For factual applications: Implement self-consistency checking for critical outputs. If the same question produces different factual answers across runs, flag the inconsistency.
Set domain-appropriate thresholds: A creative writing tool can tolerate some hallucination (it is called “creativity”). A medical information system cannot tolerate any factual errors. Calibrate detection sensitivity to your domain’s risk tolerance.
Do not chase zero hallucination: Some amount is inherent to the architecture.

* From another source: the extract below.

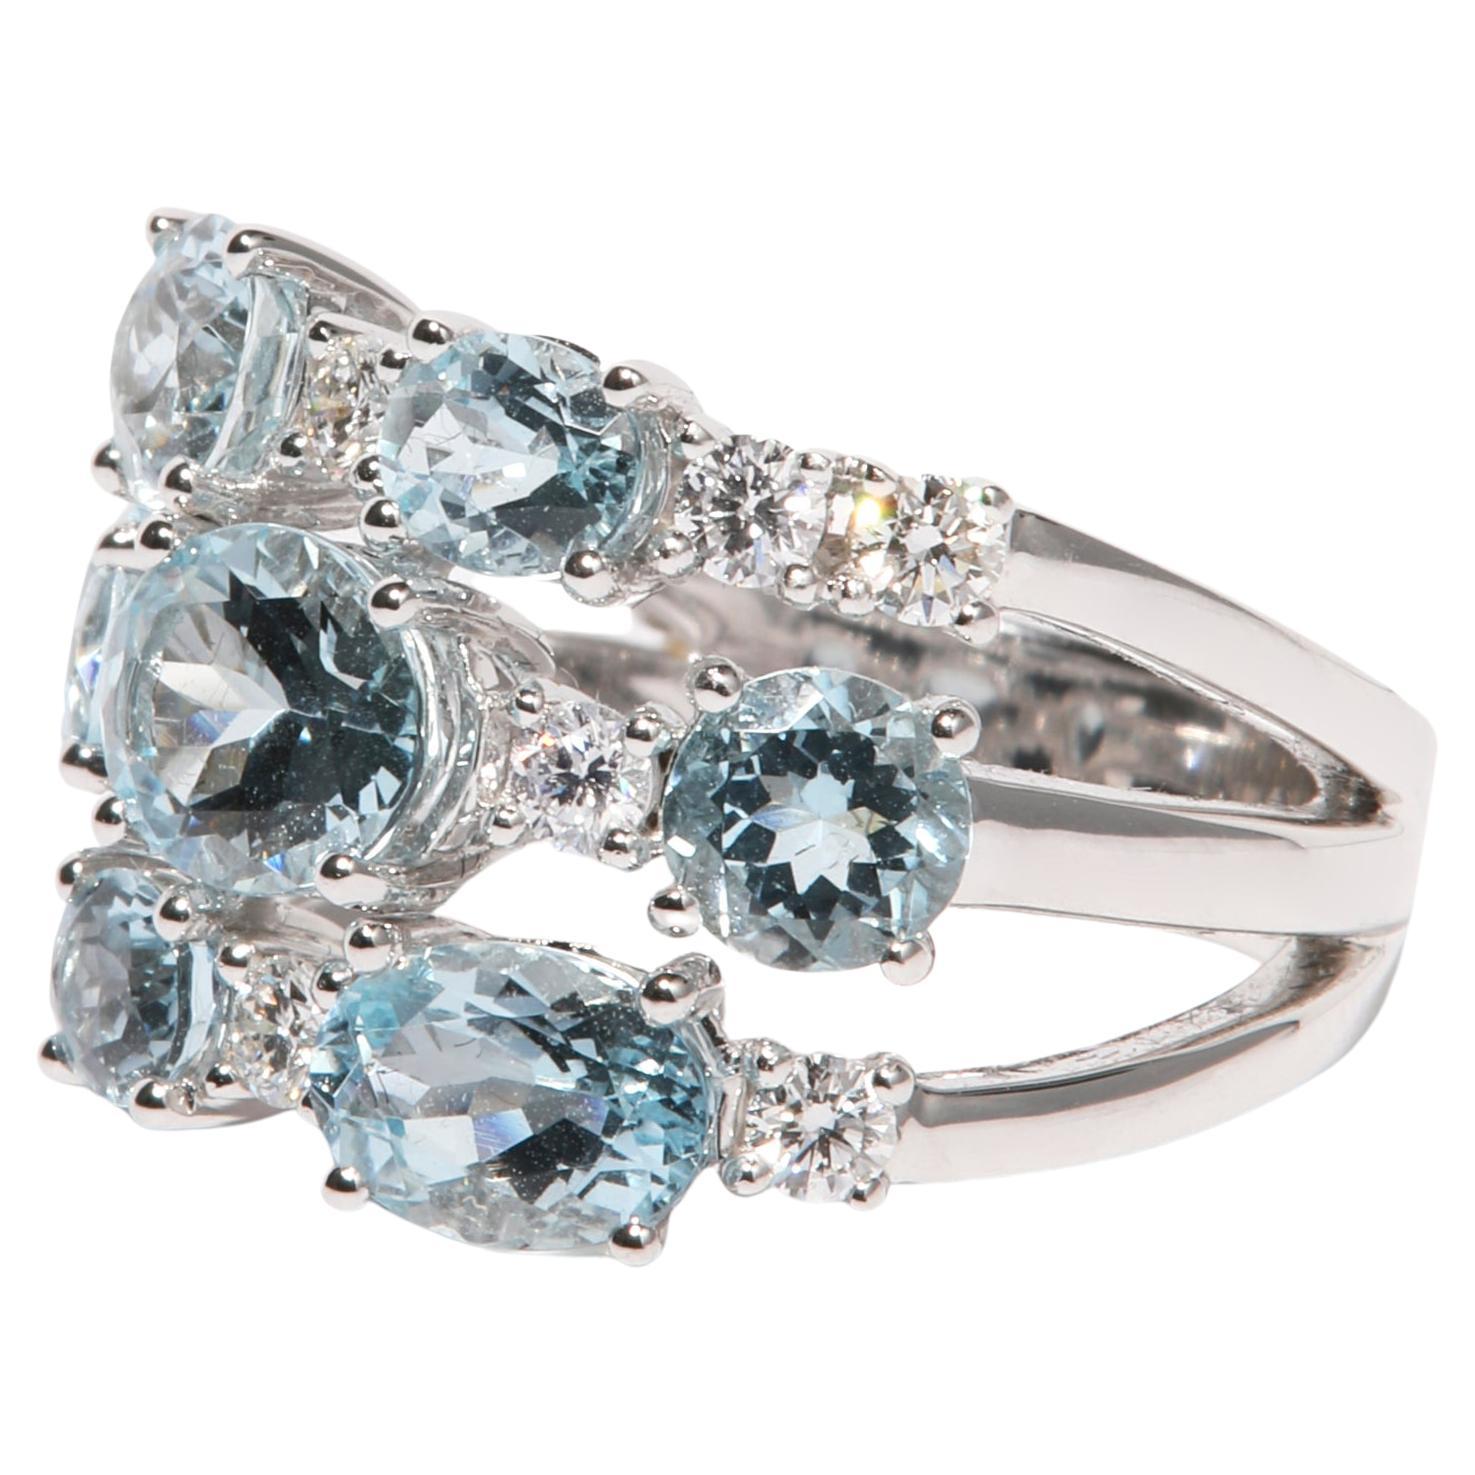 18 karat white gold ring is set with round and oval cut aquamarine a total of 3.89 carat of gemstones. Sparkly brilliant cut diamonds, a total of 0.60 carat, are set in between the lightblue soft tones, creating a wonderful festive ring for every

Instead, design systems that are robust to occasional hallucination: citations for verification, confidence indicators, human review for high-stakes outputs.
FAQ
Q: Can we eliminate hallucinations entirely?
Not with current architectures. LLMs generate statistically likely continuations, not verified truths. You can minimize hallucination (RAG, grounding, lower temperature) and detect it post-generation, but elimination requires architectural changes not yet in production (e.g., models with explicit retrieval-then-generate separation, or verified reasoning chains).
Q: Why does the model hallucinate even when correct information is in the context?
Several causes: context is too long and the relevant passage is in the “lost in the middle” zone, the model’s parametric knowledge contradicts the context (and the model trusts itself), or the model’s attention distributes poorly across multiple context passages. Stronger grounding instructions and placing critical context first/last help.
Interview questions
Q: Design a hallucination detection pipeline for a financial news summarization product. False financial information could cause trading losses.
Multi-layer approach: (1) Groundedness: every numerical claim (prices, percentages, dates) must trace to a specific source article. Extract numbers from summary, verify each against source text. (2) Cross-source validation: if the summary references multiple articles, check for contradictions between them before presenting. (3) Entity verification: verify company names, ticker symbols, and executive names against a known database. (4) Temporal consistency: financial data is time-sensitive - verify dates match and are not confusing current vs historical data. (5) Confidence scoring: assign confidence per-claim. Claims verified against multiple sources: high confidence. Single-source claims: medium. Unverifiable claims: strip or flag. Threshold: for financial data, any unverifiable numerical claim is removed rather than presented with uncertainty. The system should never state a stock price, percentage change, or financial metric it cannot directly attribute to a source.